Yangon-based analysts said they were not surprised by the move but
astonished by its timing -- as Southeast Asian leaders at a summit in Laos
said they were encouraged by the release of more than 9,000 prison inmates
over the last two weeks.

"They don't stop blowing hot and cold. They do that all the time," said a
diplomat.

A political analyst hinted at the "confusion and disorder" that has
reigned in Yangon since the abrupt dismissal for corruption of the
premier, General Khin Nyunt, in October.

The observers said they had no doubt the generals wanted to profit from
the sidelining of Aung San Suu Kyi by pressing ahead quickly with what
they call a roadmap to a "disciplined democracy" presented by Khin Nyunt
in August 2003.

"The roadmap was not conceived in the brain of Khin Nyunt. It's a
collective programme that they want to carry out. They have said it time
and again," said the diplomat.

In the eyes of a regime accused by detractors of being impervious to any
outside influence, it is of little importance that the NLD has boycotted a
national convention which is the first step of the seven-point roadmap.
The UN and Western nations have rejected the convention as lacking
legitimacy.

In May the junta convened one thousand delegates for a two-month session
of the convention which will resume its work in February after a long
pause officially owing to the rainy season.

"The regime wants to try before 2006 to advance as much as possible on the
roadmap: the national convention, constitution, then referendum," said the
diplomat.

The roadmap is to lead to "free and fair" elections at an unspecified date.

Yangon is due to take the chair of the Association of Southeast Asian
Nations (ASEAN) in 2006. In order to be seen as an acceptable head of the
organisation by its peers it must improve its democratic record within the
next year, Thai Prime Minister Thaksin Shinawatra said in Laos on Tuesday.

Before releasing Aung San Suu Kyi, "it is possible they will finish their
convention and would have tied up in advance a constitution that would put
them in a position of strength and enable them to impose restrictions on
certain people," the analyst said in reference to the NLD leader.

"It all depends on what their basic plan is.
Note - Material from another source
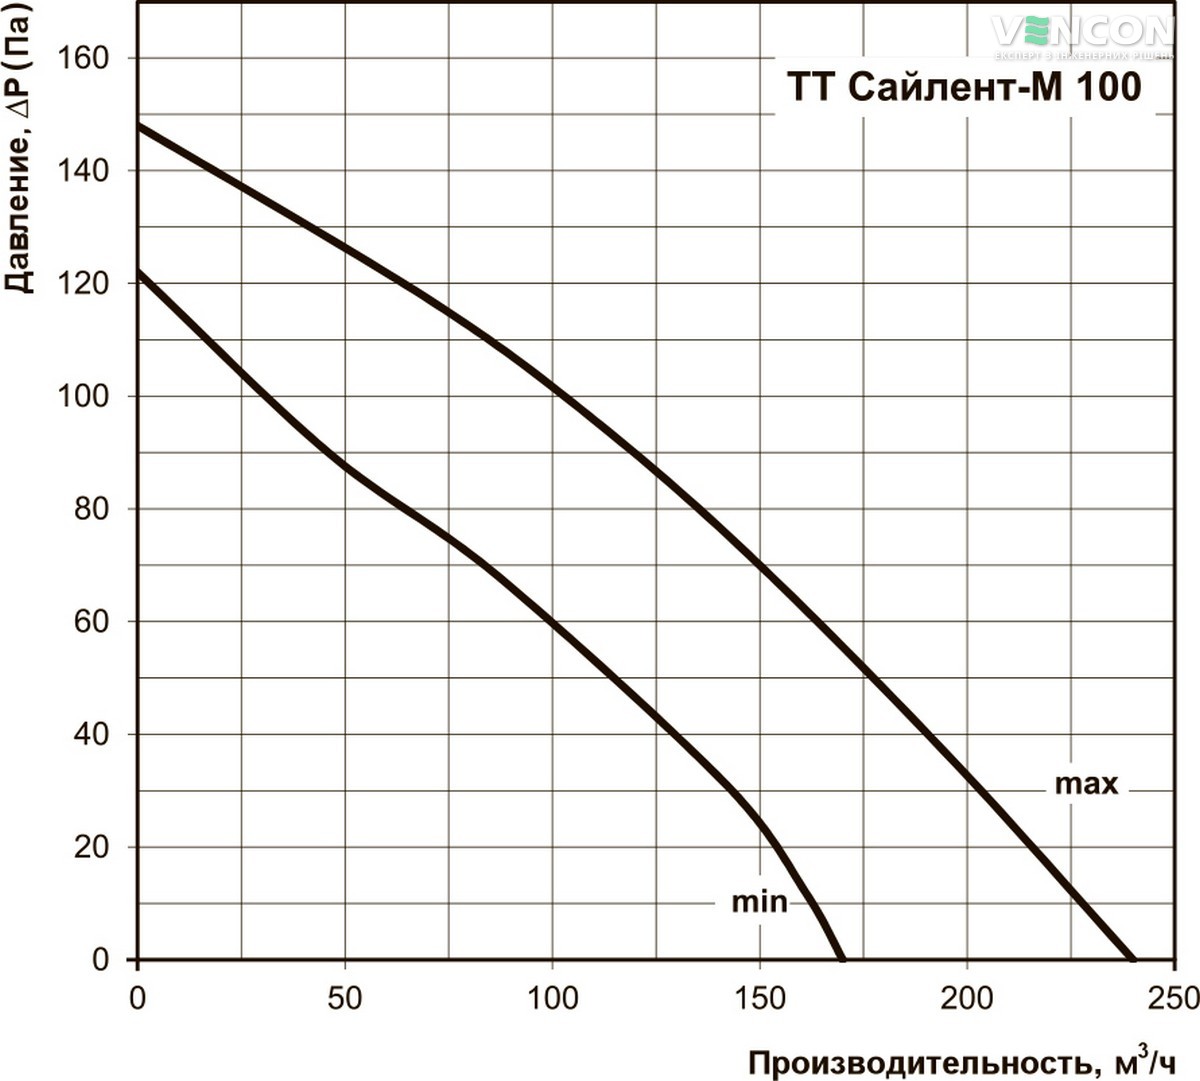 Вентс ТТ Сайлент-М 100 Діаграма продуктивності

It could be to totally ignore
her until the end and then prevent her from playing any political role
whatsoever in the future" of the country.

The extension of the detention of the Nobel peace prize winner "doesn't
give the impression that they want to integrate everyone into this
process. This is not a good sign," the analyst added.

Debbie Stothard, of pressure group Altsean, said the decision was part of
a continuing campaign against the opposition.

"Obviously they think that by isolating Aung San Suu Kyi and wearing down
the NLD... they are going to create a situation where there is no NLD
left," she said.

At her lakeside home in Yangon, Aung San Suu Kyi, who embodies the
population's aspirations for freedom, was unsurprised and philosophical
about the extension.

"Her morale is very high and health very good," according to a source
close to her party speaking on condition of anonymity.

Suu Kyi has already spent a total of more than nine years in captivity
during three periods of house arrest.

She "will not change her policy, and she has always expressed so far her
desire to have a dialogue" with the junta, the diplomat said.

____________________________________

November 30, Deutsche Presse-Agentur
Myanmar won't confirm Aung San Suu Kyi's jail extension

Vientiane: Myanmar's (Burma's) Prime Minister Soe Win would not confirm
during bilateral talks with Thailand on Tuesday reports that opposition
leader Aung San Suu Kyi's house arrest had been extended for one year,
officials said.

"The Myanmar prime minister did not confirm the news report yesterday that
the period of house arrest for Aung San Suu Kyi would be extended for one
year, but that he would check and keep Thailand informed," said Jakrapob
Penkair, spokesman for Thai Prime Minister Thaksin Shinawatra.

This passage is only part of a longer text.